What is needed is an exact copy of every entry below.

== RECORDS FOR THE TASK ==

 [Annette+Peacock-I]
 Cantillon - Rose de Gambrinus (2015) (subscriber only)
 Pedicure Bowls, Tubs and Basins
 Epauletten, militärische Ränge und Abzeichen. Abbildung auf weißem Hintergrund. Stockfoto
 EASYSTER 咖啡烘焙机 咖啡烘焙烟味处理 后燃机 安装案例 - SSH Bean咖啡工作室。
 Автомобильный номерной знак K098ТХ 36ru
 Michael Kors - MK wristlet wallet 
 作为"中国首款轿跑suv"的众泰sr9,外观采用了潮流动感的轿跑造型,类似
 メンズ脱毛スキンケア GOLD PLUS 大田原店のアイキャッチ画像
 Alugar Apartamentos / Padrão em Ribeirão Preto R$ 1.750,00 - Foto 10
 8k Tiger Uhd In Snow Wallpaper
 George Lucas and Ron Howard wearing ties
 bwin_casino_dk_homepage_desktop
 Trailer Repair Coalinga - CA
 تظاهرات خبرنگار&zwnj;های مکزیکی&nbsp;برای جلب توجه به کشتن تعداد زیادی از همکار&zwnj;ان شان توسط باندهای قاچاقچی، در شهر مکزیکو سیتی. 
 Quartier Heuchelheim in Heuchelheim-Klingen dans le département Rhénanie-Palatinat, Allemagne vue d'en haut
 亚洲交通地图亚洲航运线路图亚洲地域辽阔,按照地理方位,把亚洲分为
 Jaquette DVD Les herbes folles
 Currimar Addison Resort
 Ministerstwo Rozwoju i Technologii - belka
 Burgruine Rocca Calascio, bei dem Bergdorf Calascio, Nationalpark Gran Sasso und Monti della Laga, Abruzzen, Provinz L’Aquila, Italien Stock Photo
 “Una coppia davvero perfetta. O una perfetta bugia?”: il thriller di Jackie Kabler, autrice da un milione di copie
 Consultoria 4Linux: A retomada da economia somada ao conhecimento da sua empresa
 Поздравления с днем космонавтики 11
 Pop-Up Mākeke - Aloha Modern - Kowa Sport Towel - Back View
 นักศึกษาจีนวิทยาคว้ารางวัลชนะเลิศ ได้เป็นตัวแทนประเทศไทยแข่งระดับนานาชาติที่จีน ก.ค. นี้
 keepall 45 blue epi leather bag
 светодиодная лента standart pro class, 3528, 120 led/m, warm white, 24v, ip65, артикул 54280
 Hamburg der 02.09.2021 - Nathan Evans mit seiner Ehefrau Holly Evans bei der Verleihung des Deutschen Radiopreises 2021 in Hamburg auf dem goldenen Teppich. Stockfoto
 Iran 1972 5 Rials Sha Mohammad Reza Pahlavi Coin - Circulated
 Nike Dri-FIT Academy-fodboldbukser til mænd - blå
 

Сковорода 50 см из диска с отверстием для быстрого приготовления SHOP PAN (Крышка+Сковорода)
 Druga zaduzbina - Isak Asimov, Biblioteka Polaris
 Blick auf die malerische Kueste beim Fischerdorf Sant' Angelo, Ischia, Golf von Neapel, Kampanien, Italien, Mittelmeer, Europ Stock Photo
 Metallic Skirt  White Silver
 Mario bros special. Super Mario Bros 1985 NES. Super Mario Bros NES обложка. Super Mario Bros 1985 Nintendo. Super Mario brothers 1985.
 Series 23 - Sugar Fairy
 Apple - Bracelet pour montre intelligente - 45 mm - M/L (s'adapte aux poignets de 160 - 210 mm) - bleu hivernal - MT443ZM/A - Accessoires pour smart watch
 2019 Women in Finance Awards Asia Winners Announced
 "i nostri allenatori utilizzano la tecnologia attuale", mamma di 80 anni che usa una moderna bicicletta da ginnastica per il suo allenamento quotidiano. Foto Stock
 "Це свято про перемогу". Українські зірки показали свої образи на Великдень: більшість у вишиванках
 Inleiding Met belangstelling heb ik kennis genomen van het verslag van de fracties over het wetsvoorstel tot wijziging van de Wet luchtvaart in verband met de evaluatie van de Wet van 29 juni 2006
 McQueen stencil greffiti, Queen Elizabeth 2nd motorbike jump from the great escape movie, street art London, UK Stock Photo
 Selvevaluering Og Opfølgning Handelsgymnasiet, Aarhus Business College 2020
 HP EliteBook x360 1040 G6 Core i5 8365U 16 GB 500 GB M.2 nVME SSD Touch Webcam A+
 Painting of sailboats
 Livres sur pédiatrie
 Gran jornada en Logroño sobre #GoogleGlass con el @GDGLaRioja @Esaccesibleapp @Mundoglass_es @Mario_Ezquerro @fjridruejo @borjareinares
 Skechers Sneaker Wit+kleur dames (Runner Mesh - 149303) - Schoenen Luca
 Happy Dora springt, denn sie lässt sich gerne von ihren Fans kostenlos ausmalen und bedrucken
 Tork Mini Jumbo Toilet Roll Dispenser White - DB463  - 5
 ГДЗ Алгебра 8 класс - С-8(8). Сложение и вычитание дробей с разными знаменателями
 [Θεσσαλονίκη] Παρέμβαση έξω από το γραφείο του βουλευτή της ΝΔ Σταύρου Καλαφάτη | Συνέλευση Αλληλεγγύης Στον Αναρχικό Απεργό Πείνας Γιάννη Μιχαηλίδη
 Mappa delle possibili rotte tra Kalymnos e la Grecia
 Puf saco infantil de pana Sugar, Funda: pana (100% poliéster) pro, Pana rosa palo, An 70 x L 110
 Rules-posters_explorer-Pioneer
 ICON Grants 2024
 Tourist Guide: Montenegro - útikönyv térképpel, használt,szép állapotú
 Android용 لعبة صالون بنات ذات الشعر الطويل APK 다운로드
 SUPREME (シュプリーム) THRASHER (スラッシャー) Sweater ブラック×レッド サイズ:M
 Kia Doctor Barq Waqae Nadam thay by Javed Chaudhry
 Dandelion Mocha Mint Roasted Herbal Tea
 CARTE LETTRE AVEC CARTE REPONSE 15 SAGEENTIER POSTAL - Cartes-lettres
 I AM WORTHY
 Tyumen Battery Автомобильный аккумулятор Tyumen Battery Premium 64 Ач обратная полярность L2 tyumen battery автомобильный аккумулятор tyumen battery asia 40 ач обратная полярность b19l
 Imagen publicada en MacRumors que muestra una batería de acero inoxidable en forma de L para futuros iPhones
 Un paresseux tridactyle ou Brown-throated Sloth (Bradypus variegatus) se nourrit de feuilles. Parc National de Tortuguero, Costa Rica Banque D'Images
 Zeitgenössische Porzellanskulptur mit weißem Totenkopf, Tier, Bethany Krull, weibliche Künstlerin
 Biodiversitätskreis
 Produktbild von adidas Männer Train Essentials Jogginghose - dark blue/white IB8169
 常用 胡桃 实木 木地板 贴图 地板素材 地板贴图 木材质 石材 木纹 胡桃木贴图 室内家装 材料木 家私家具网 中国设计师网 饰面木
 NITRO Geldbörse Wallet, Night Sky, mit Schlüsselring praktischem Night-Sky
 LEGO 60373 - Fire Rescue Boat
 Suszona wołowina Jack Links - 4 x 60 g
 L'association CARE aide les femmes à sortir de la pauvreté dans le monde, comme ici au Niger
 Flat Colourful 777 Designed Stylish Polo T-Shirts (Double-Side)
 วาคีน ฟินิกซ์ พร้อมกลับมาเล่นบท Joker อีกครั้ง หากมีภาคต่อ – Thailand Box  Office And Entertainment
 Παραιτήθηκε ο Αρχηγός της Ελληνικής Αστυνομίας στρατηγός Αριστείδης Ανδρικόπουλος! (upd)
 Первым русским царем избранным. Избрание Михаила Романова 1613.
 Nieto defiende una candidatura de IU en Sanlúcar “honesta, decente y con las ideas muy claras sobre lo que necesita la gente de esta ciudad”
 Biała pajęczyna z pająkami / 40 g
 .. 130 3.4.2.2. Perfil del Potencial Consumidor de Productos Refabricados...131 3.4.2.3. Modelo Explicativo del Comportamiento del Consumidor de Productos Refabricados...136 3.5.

===

**ANSWER SECTION:**
 [Annette+Peacock-I]
 Cantillon - Rose de Gambrinus (2015) (subscriber only)
 Pedicure Bowls, Tubs and Basins
 Epauletten, militärische Ränge und Abzeichen. Abbildung auf weißem Hintergrund. Stockfoto
 EASYSTER 咖啡烘焙机 咖啡烘焙烟味处理 后燃机 安装案例 - SSH Bean咖啡工作室。
 Автомобильный номерной знак K098ТХ 36ru
 Michael Kors - MK wristlet wallet 
 作为"中国首款轿跑suv"的众泰sr9,外观采用了潮流动感的轿跑造型,类似
 メンズ脱毛スキンケア GOLD PLUS 大田原店のアイキャッチ画像
 Alugar Apartamentos / Padrão em Ribeirão Preto R$ 1.750,00 - Foto 10
 8k Tiger Uhd In Snow Wallpaper
 George Lucas and Ron Howard wearing ties
 bwin_casino_dk_homepage_desktop
 Trailer Repair Coalinga - CA
 تظاهرات خبرنگار&zwnj;های مکزیکی&nbsp;برای جلب توجه به کشتن تعداد زیادی از همکار&zwnj;ان شان توسط باندهای قاچاقچی، در شهر مکزیکو سیتی. 
 Quartier Heuchelheim in Heuchelheim-Klingen dans le département Rhénanie-Palatinat, Allemagne vue d'en haut
 亚洲交通地图亚洲航运线路图亚洲地域辽阔,按照地理方位,把亚洲分为
 Jaquette DVD Les herbes folles
 Currimar Addison Resort
 Ministerstwo Rozwoju i Technologii - belka
 Burgruine Rocca Calascio, bei dem Bergdorf Calascio, Nationalpark Gran Sasso und Monti della Laga, Abruzzen, Provinz L’Aquila, Italien Stock Photo
 “Una coppia davvero perfetta. O una perfetta bugia?”: il thriller di Jackie Kabler, autrice da un milione di copie
 Consultoria 4Linux: A retomada da economia somada ao conhecimento da sua empresa
 Поздравления с днем космонавтики 11
 Pop-Up Mākeke - Aloha Modern - Kowa Sport Towel - Back View
 นักศึกษาจีนวิทยาคว้ารางวัลชนะเลิศ ได้เป็นตัวแทนประเทศไทยแข่งระดับนานาชาติที่จีน ก.ค. นี้
 keepall 45 blue epi leather bag
 светодиодная лента standart pro class, 3528, 120 led/m, warm white, 24v, ip65, артикул 54280
 Hamburg der 02.09.2021 - Nathan Evans mit seiner Ehefrau Holly Evans bei der Verleihung des Deutschen Radiopreises 2021 in Hamburg auf dem goldenen Teppich. Stockfoto
 Iran 1972 5 Rials Sha Mohammad Reza Pahlavi Coin - Circulated
 Nike Dri-FIT Academy-fodboldbukser til mænd - blå
 

Сковорода 50 см из диска с отверстием для быстрого приготовления SHOP PAN (Крышка+Сковорода)
 Druga zaduzbina - Isak Asimov, Biblioteka Polaris
 Blick auf die malerische Kueste beim Fischerdorf Sant' Angelo, Ischia, Golf von Neapel, Kampanien, Italien, Mittelmeer, Europ Stock Photo
 Metallic Skirt  White Silver
 Mario bros special. Super Mario Bros 1985 NES. Super Mario Bros NES обложка. Super Mario Bros 1985 Nintendo. Super Mario brothers 1985.
 Series 23 - Sugar Fairy
 Apple - Bracelet pour montre intelligente - 45 mm - M/L (s'adapte aux poignets de 160 - 210 mm) - bleu hivernal - MT443ZM/A - Accessoires pour smart watch
 2019 Women in Finance Awards Asia Winners Announced
 "i nostri allenatori utilizzano la tecnologia attuale", mamma di 80 anni che usa una moderna bicicletta da ginnastica per il suo allenamento quotidiano. Foto Stock
 "Це свято про перемогу". Українські зірки показали свої образи на Великдень: більшість у вишиванках
 Inleiding Met belangstelling heb ik kennis genomen van het verslag van de fracties over het wetsvoorstel tot wijziging van de Wet luchtvaart in verband met de evaluatie van de Wet van 29 juni 2006
 McQueen stencil greffiti, Queen Elizabeth 2nd motorbike jump from the great escape movie, street art London, UK Stock Photo
 Selvevaluering Og Opfølgning Handelsgymnasiet, Aarhus Business College 2020
 HP EliteBook x360 1040 G6 Core i5 8365U 16 GB 500 GB M.2 nVME SSD Touch Webcam A+
 Painting of sailboats
 Livres sur pédiatrie
 Gran jornada en Logroño sobre #GoogleGlass con el @GDGLaRioja @Esaccesibleapp @Mundoglass_es @Mario_Ezquerro @fjridruejo @borjareinares
 Skechers Sneaker Wit+kleur dames (Runner Mesh - 149303) - Schoenen Luca
 Happy Dora springt, denn sie lässt sich gerne von ihren Fans kostenlos ausmalen und bedrucken
 Tork Mini Jumbo Toilet Roll Dispenser White - DB463  - 5
 ГДЗ Алгебра 8 класс - С-8(8). Сложение и вычитание дробей с разными знаменателями
 [Θεσσαλονίκη] Παρέμβαση έξω από το γραφείο του βουλευτή της ΝΔ Σταύρου Καλαφάτη | Συνέλευση Αλληλεγγύης Στον Αναρχικό Απεργό Πείνας Γιάννη Μιχαηλίδη
 Mappa delle possibili rotte tra Kalymnos e la Grecia
 Puf saco infantil de pana Sugar, Funda: pana (100% poliéster) pro, Pana rosa palo, An 70 x L 110
 Rules-posters_explorer-Pioneer
 ICON Grants 2024
 Tourist Guide: Montenegro - útikönyv térképpel, használt,szép állapotú
 Android용 لعبة صالون بنات ذات الشعر الطويل APK 다운로드
 SUPREME (シュプリーム) THRASHER (スラッシャー) Sweater ブラック×レッド サイズ:M
 Kia Doctor Barq Waqae Nadam thay by Javed Chaudhry
 Dandelion Mocha Mint Roasted Herbal Tea
 CARTE LETTRE AVEC CARTE REPONSE 15 SAGEENTIER POSTAL - Cartes-lettres
 I AM WORTHY
 Tyumen Battery Автомобильный аккумулятор Tyumen Battery Premium 64 Ач обратная полярность L2 tyumen battery автомобильный аккумулятор tyumen battery asia 40 ач обратная полярность b19l
 Imagen publicada en MacRumors que muestra una batería de acero inoxidable en forma de L para futuros iPhones
 Un paresseux tridactyle ou Brown-throated Sloth (Bradypus variegatus) se nourrit de feuilles. Parc National de Tortuguero, Costa Rica Banque D'Images
 Zeitgenössische Porzellanskulptur mit weißem Totenkopf, Tier, Bethany Krull, weibliche Künstlerin
 Biodiversitätskreis
 Produktbild von adidas Männer Train Essentials Jogginghose - dark blue/white IB8169
 常用 胡桃 实木 木地板 贴图 地板素材 地板贴图 木材质 石材 木纹 胡桃木贴图 室内家装 材料木 家私家具网 中国设计师网 饰面木
 NITRO Geldbörse Wallet, Night Sky, mit Schlüsselring praktischem Night-Sky
 LEGO 60373 - Fire Rescue Boat
 Suszona wołowina Jack Links - 4 x 60 g
 L'association CARE aide les femmes à sortir de la pauvreté dans le monde, comme ici au Niger
 Flat Colourful 777 Designed Stylish Polo T-Shirts (Double-Side)
 วาคีน ฟินิกซ์ พร้อมกลับมาเล่นบท Joker อีกครั้ง หากมีภาคต่อ – Thailand Box  Office And Entertainment
 Παραιτήθηκε ο Αρχηγός της Ελληνικής Αστυνομίας στρατηγός Αριστείδης Ανδρικόπουλος! (upd)
 Первым русским царем избранным. Избрание Михаила Романова 1613.
 Nieto defiende una candidatura de IU en Sanlúcar “honesta, decente y con las ideas muy claras sobre lo que necesita la gente de esta ciudad”
 Biała pajęczyna z pająkami / 40 g
 .. 130 3.4.2.2. Perfil del Potencial Consumidor de Productos Refabricados...131 3.4.2.3. Modelo Explicativo del Comportamiento del Consumidor de Productos Refabricados...136 3.5.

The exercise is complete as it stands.